** Opening DATA BELOW block **

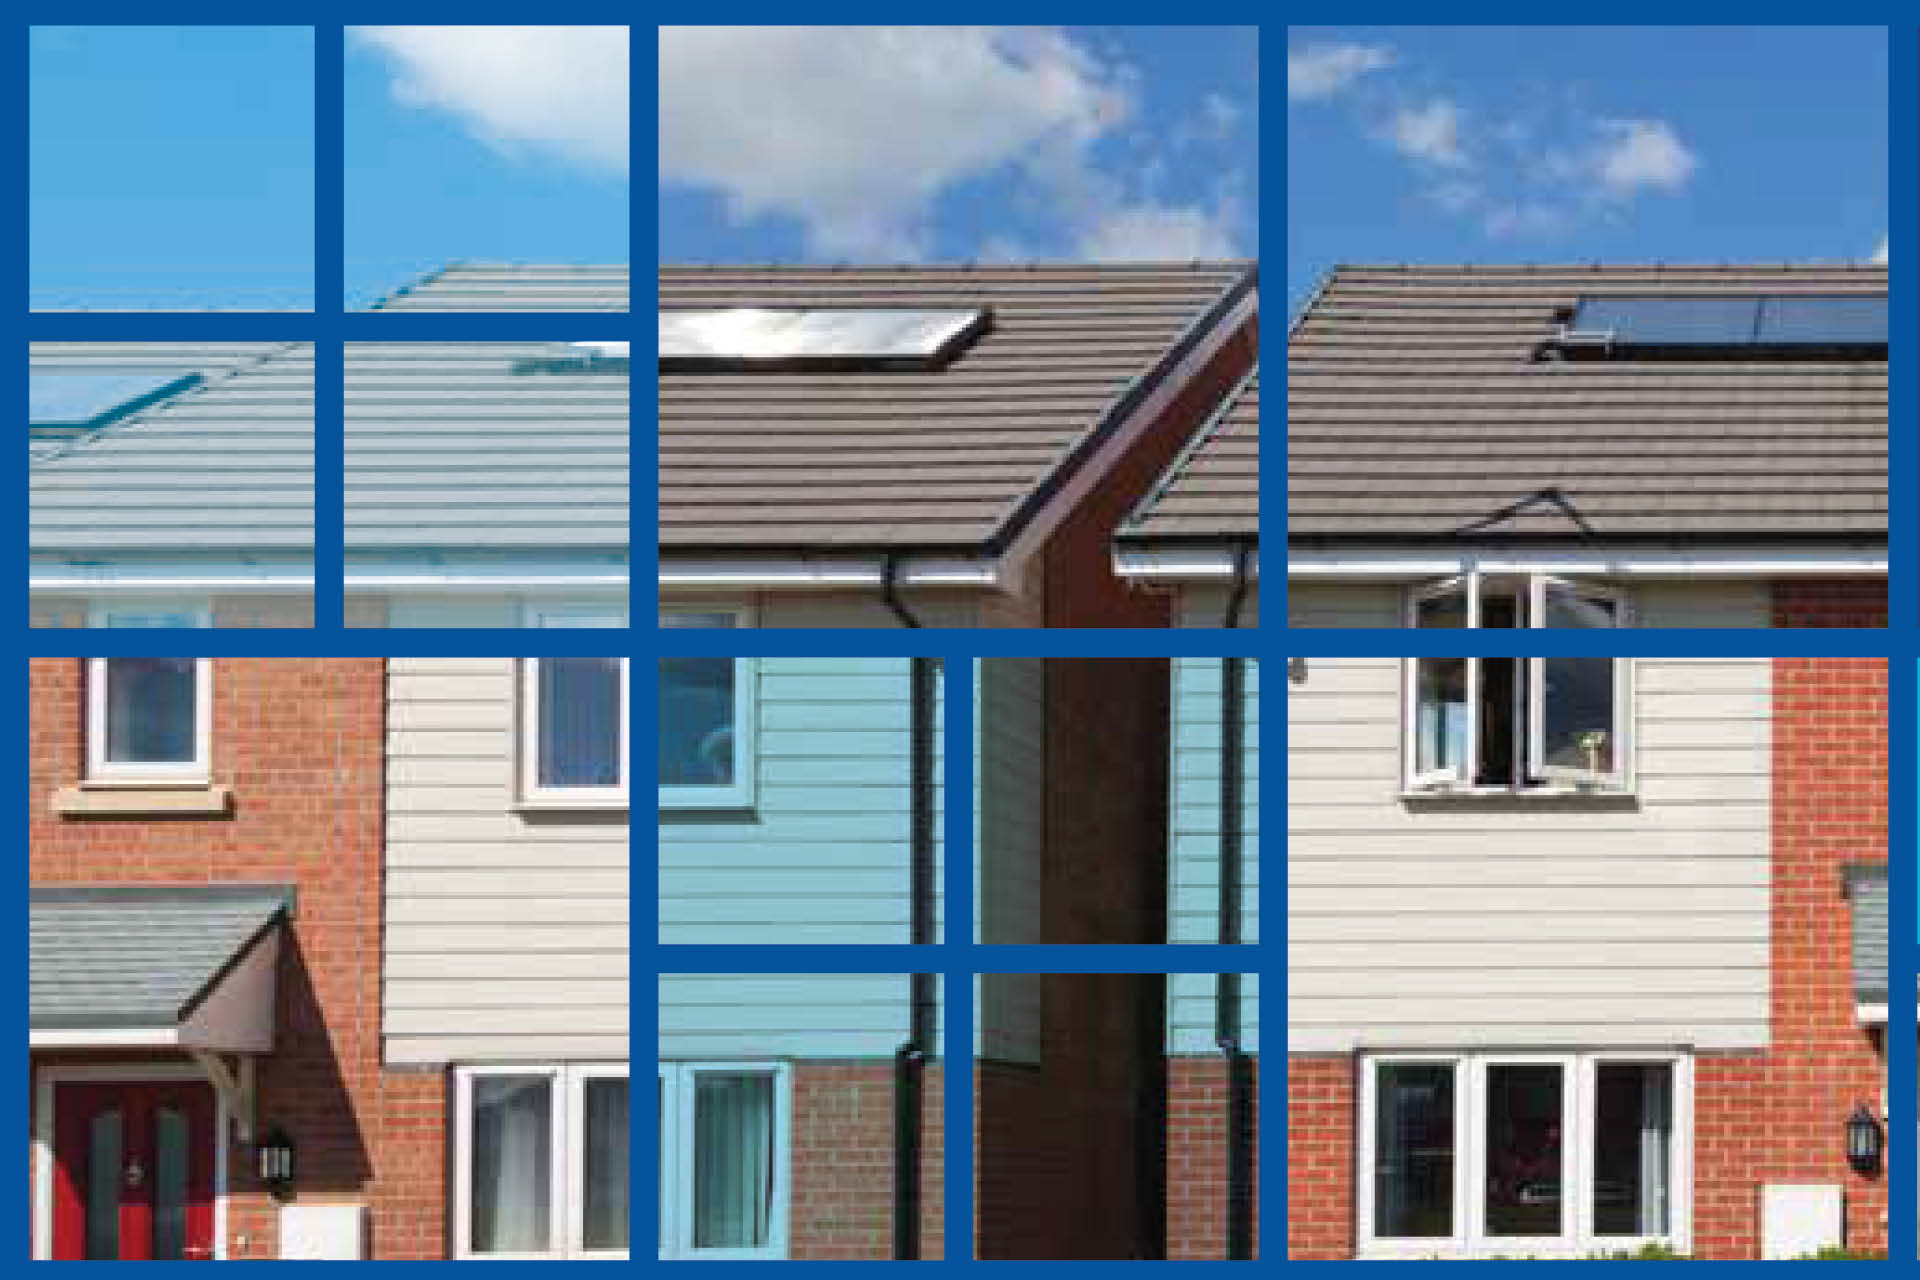 a photo of some houses in the sunshine with a blue square overlay
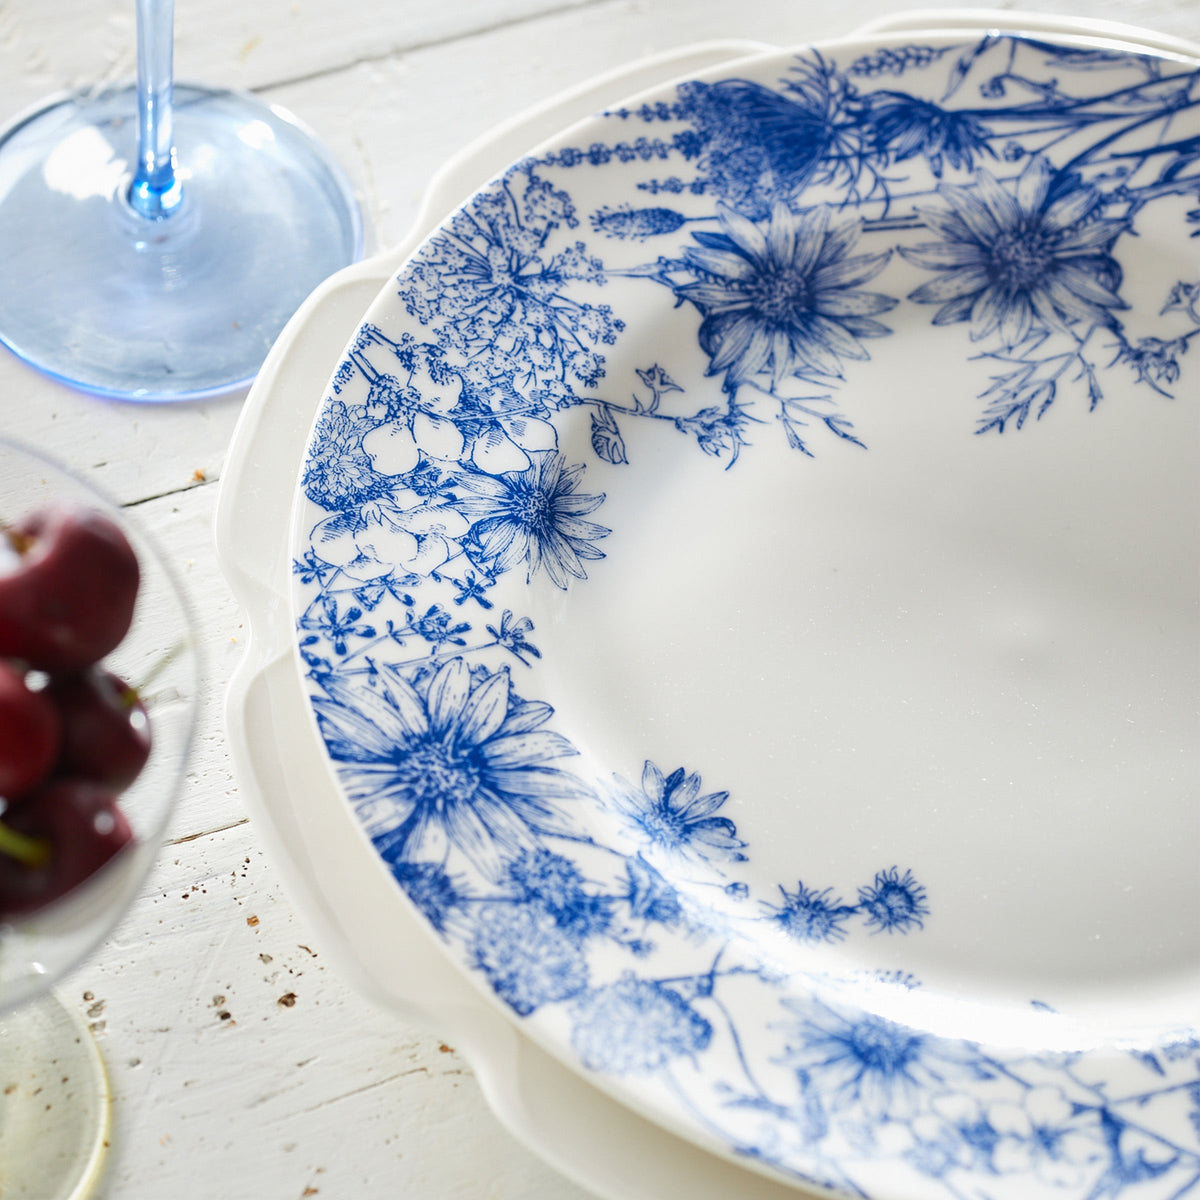 A Summer Blues Rimmed Dinner Plate by Caskata Artisanal Home with a glass of wine.
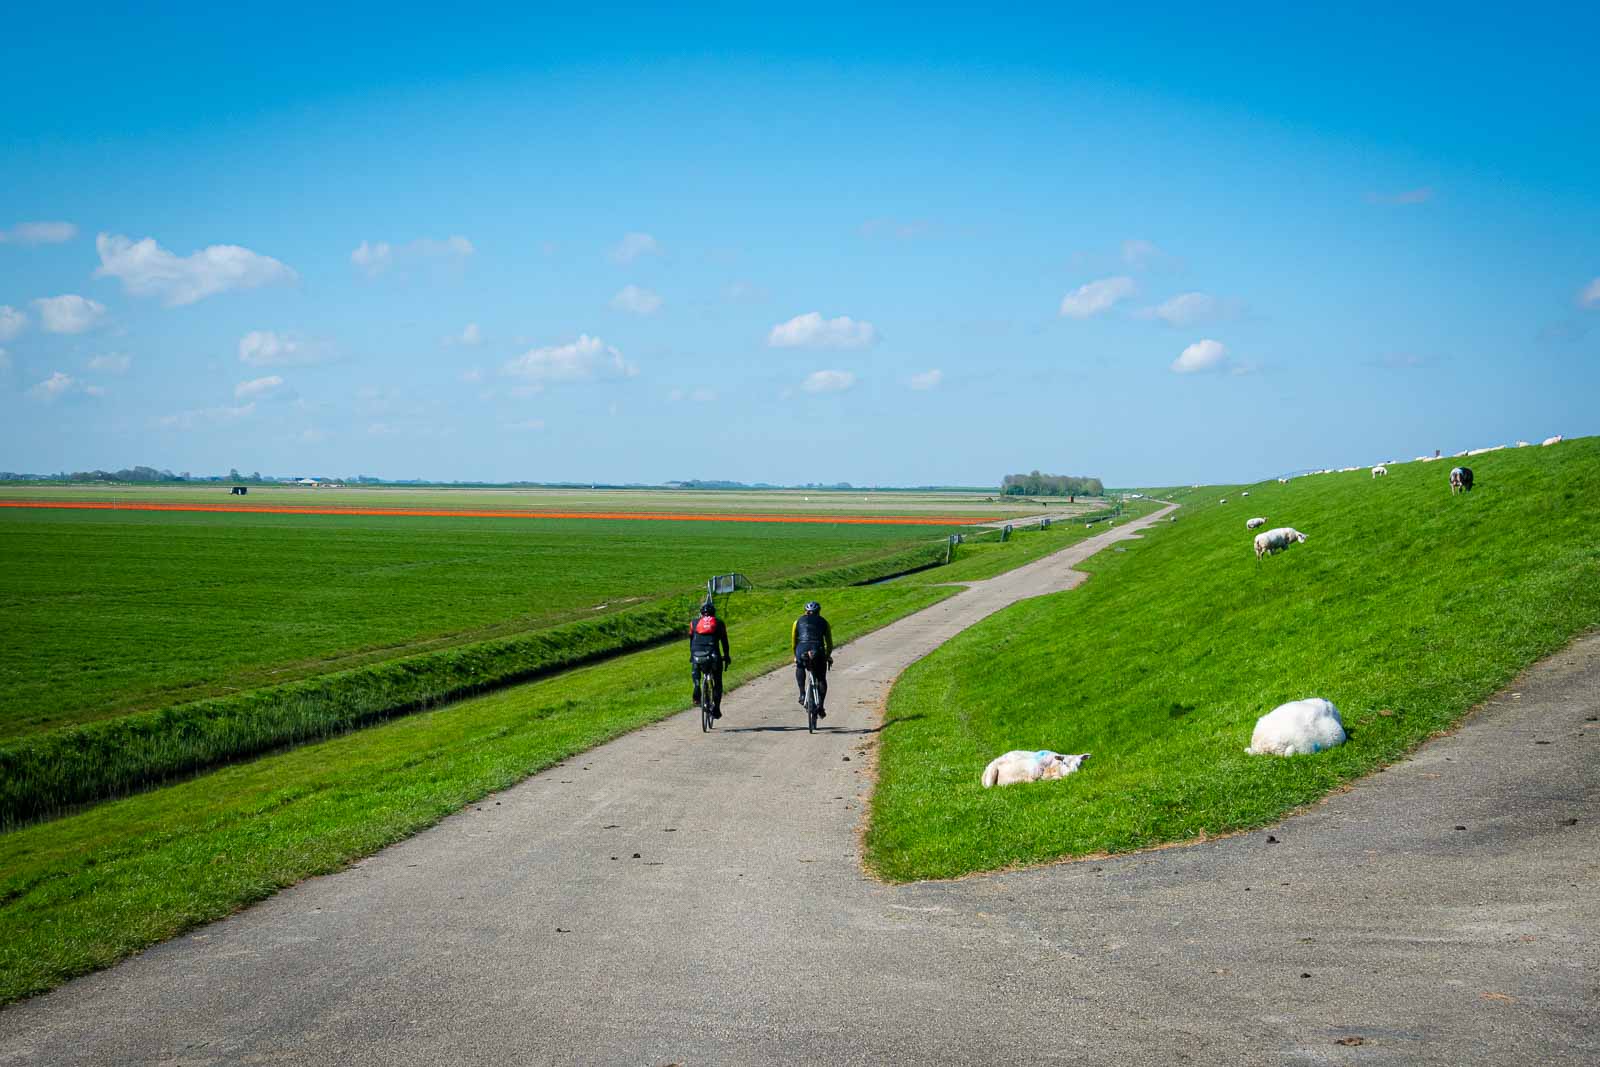 Two cyclists from behind riding along a dike with sheep and taking part in the ultra-cycling event Race around the Netherlands

** Closing DATA BELOW block **

▶ [WHAT YOU HAVE TO DO]: The reply should repeat the listing above exactly and contain no pictures.

▶ [SOLUTION TO THIS PROBLEM]:
 a photo of some houses in the sunshine with a blue square overlay
 A Summer Blues Rimmed Dinner Plate by Caskata Artisanal Home with a glass of wine.
 Two cyclists from behind riding along a dike with sheep and taking part in the ultra-cycling event Race around the Netherlands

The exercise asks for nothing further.